These approaches work because resolution is not essential for conflict to be good, since airing problems releases tension. But two poison heart and health: carping, the steady drip-drip of contempt; or ignoring, denying a partner’s point of view by withdrawal into silence. Although superficially different, both attitudes deny intimacy by attacking the central idea of a relationship: the shared bond. And by extension, immune systems, according to Gottman, with the attrition of stress leaving the henpecked and the cold-shouldered more vulnerable to disease.

Watch your argument tactics. There are six:

Pass: the complained-at ignores the complaint

Refocus: the complainer or complained-at shifts the subject of complaint

Mitigate: the complainer downgrades the complaint

Respond: the complained-at acknowledges the complaint’s merit

Not respond: the complained-at denies the complaint’s merit

Escalate: the topic of complaint expands, hostility rises

Hell-bent on breakup? Adopt either of the last two.

Otherwise, dilute gripes with positives—ideally, reckoned Gottman, a cocktail of five nice comments per negative. To me, this sounds as random as governmental exhortations to eat five fruit and veg a day, but can’t be any more harmful. And stand back and pick a technique for difficult conversation (see Chapter 13).


➺ Rule ten: Know when not to speak

Happy couples may duet, like Simon Cowell’s mum and dad, from dawn to dead of night, but the least happy I know also keep babbling, like two-headed monsters; deaf, dumb, sadly not mute.

The difference is in imaginative sympathy, as defined by counseling service Relate: “Good communication, empathy, caring and emotional intelligence.”

Which is why the faith that fostered a million therapy sessions—that if we have a problem, we must discuss it—should, in my opinion, come with a health warning.

Take the biggest interactive challenge a couple can face: when two become three. A study found that new parents routinely kept quiet on issues causing them grief, discussing only those on which they agreed. Initially researchers were shocked, but why deplete yourself quarreling over minutiae when huge change is already upon you? Partnership is a three-legged race that should make clearing obstacles easier—but will not if you keep stopping to debate whose leg goes where and why.

Relationships stumble if we forget that how we relate, converse, keep in touch, are their very substance. If there’s a secret, it’s the same as for any conversation: You get what you give. Negative, positive, at least 50 percent is up to you.

Spies set honey traps because love loosens lips. So relax, and if your pillow talk keeps you awake, I hope it’s for reasons other than nightmares.

TYPOLOGY OF BORES, CHORES, AND OTHER CONVERSATIONAL BEASTS

BITCH Canicula

Bitch is a spin doctor by another name. Her smiles are sabers, her words knives, and her sallies detonate, like good jokes, moments after delivery.

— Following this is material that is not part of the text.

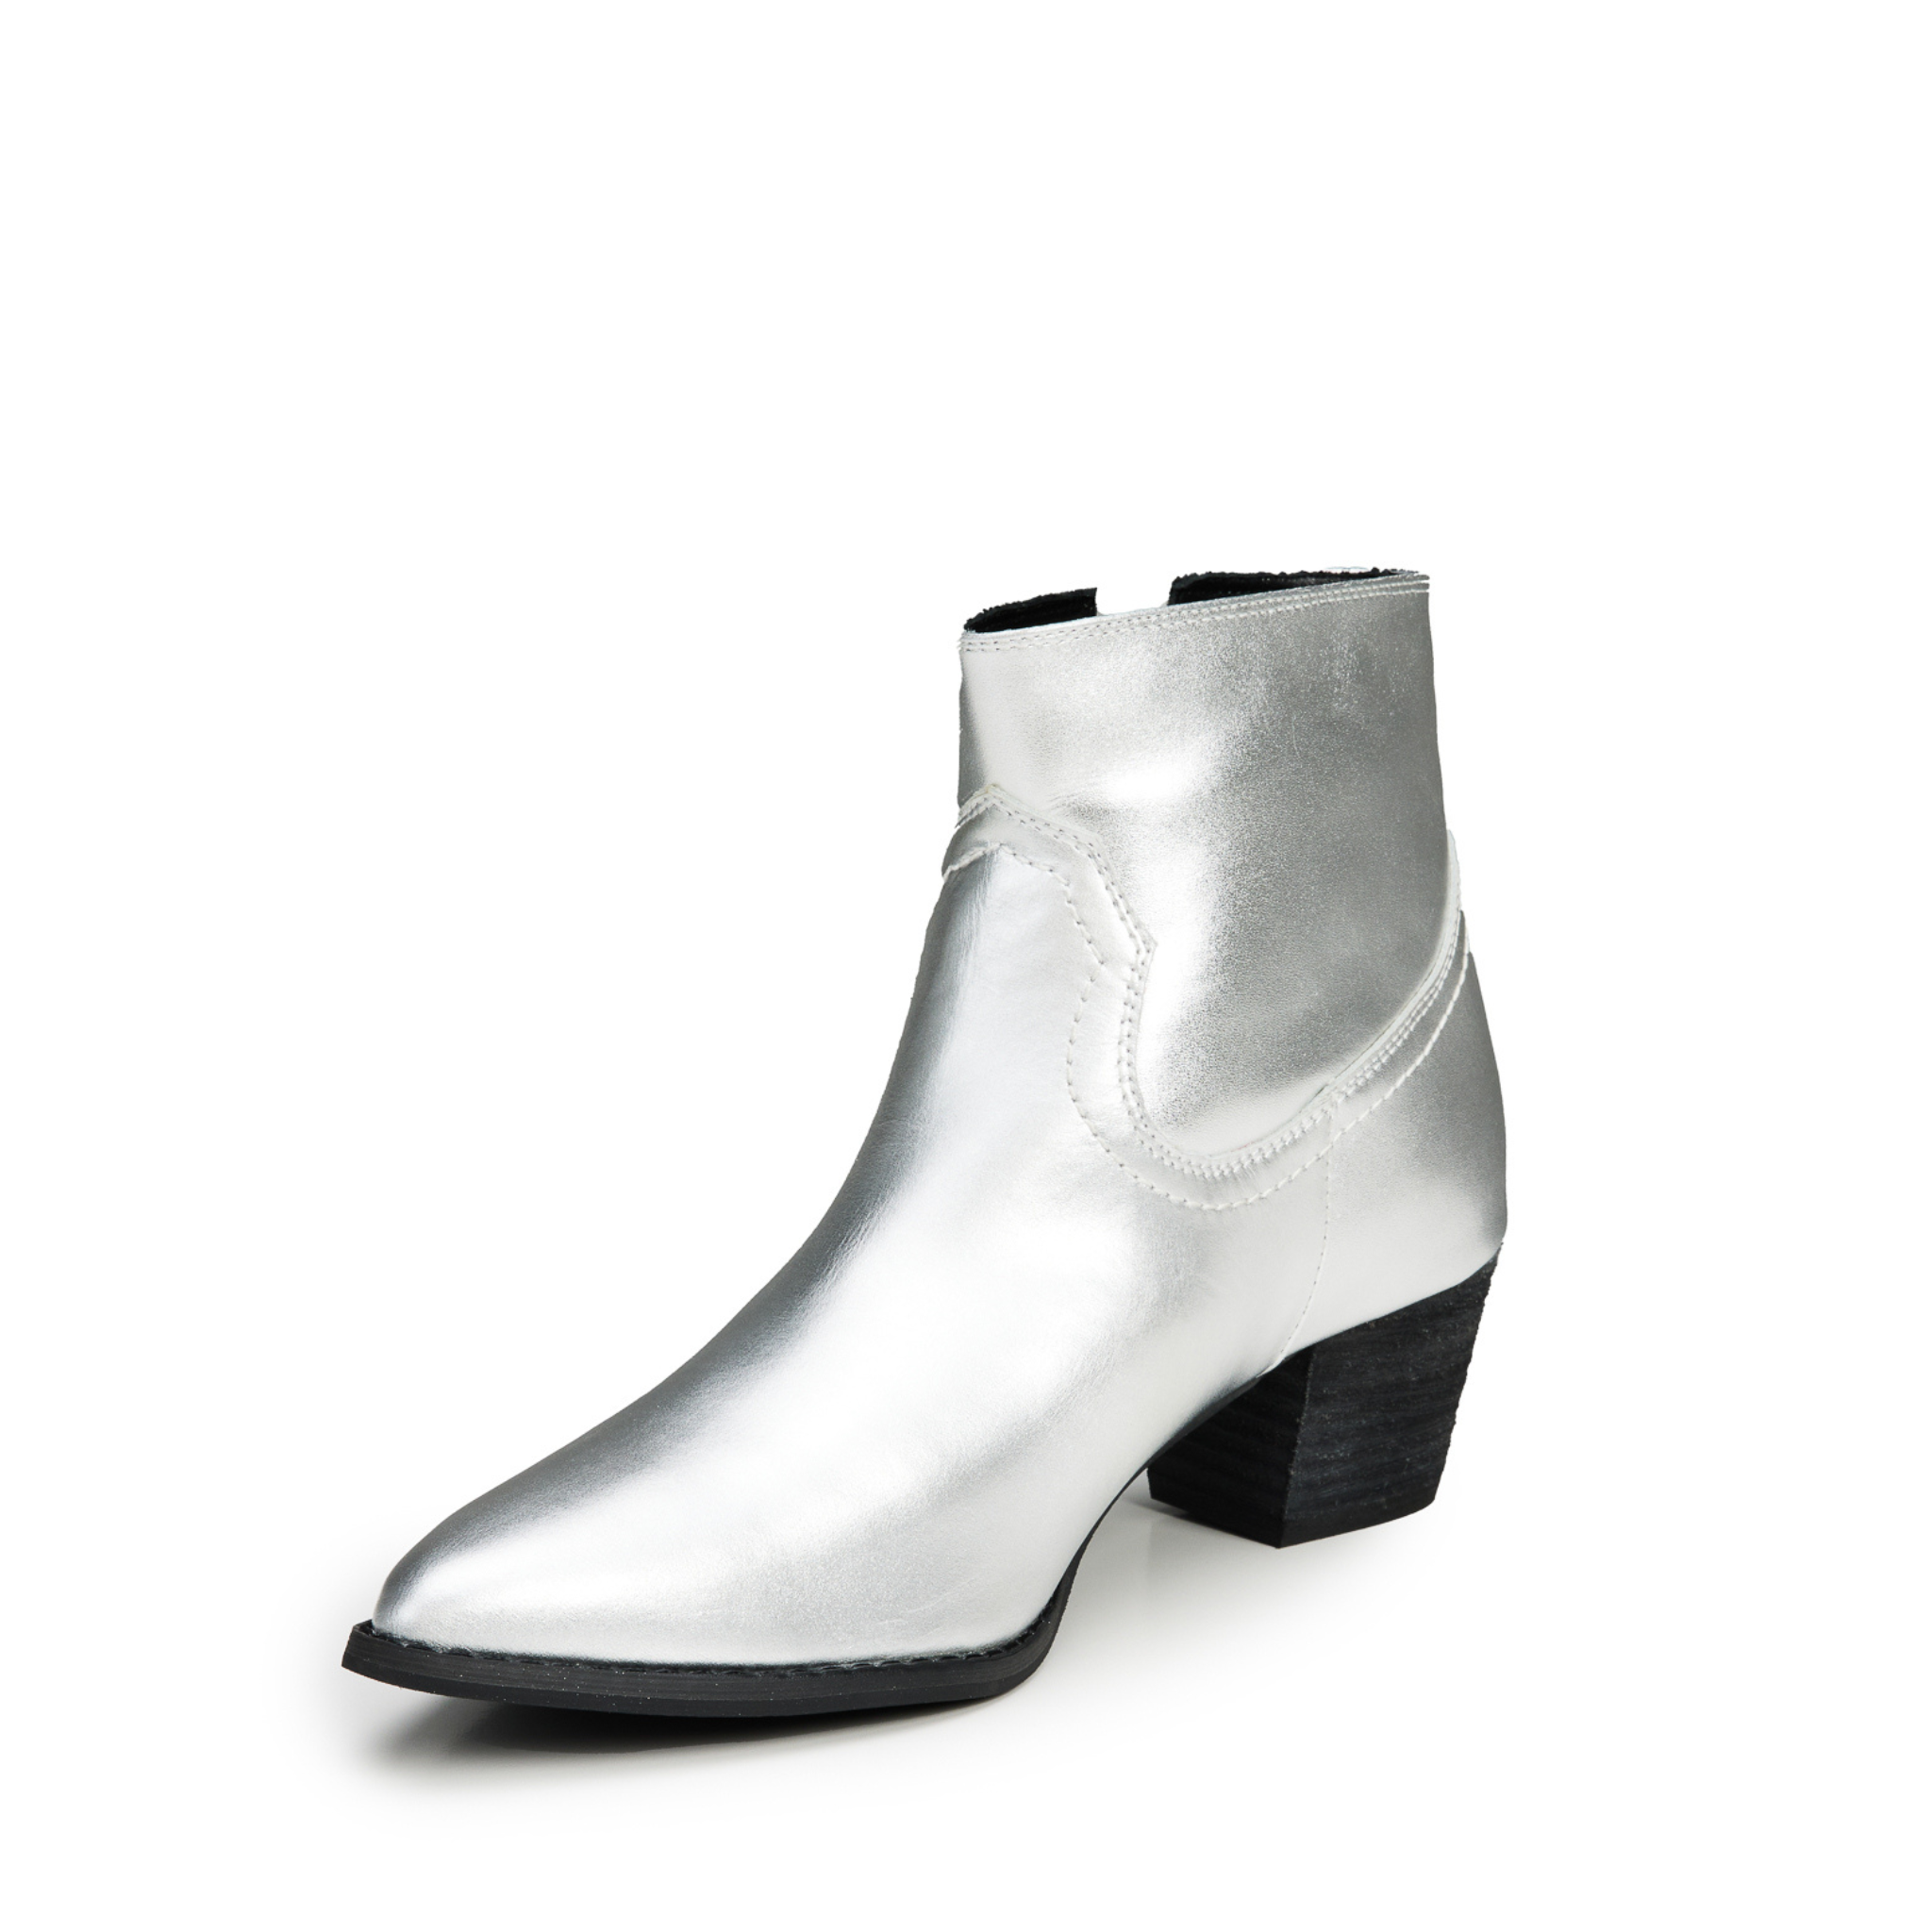 Mila Leather Low Block Heel Ankle Boots

Consider this, from hardy music perennial Keisha Buchanan of Sugarbabes, a charm fiesta in person, but who has the publicity savvy to rib her popstrel rivals in print:

Being famous, there’s pressure to stay thin, but thankfully I’m in a group where we sell records based on our music, not what we look like. It’s much harder for Girls Aloud.

How brilliant to suggest their asset, pulchitrude, is mere camouflage for other failings.

Bitching isn’t exclusively female. Rap music proves men love doing it, if only beefin bout their bitches, and entrepreneurs and Ozzie cricketers excel. These gabsmiths prove the panoply of skills bitchcraft involves.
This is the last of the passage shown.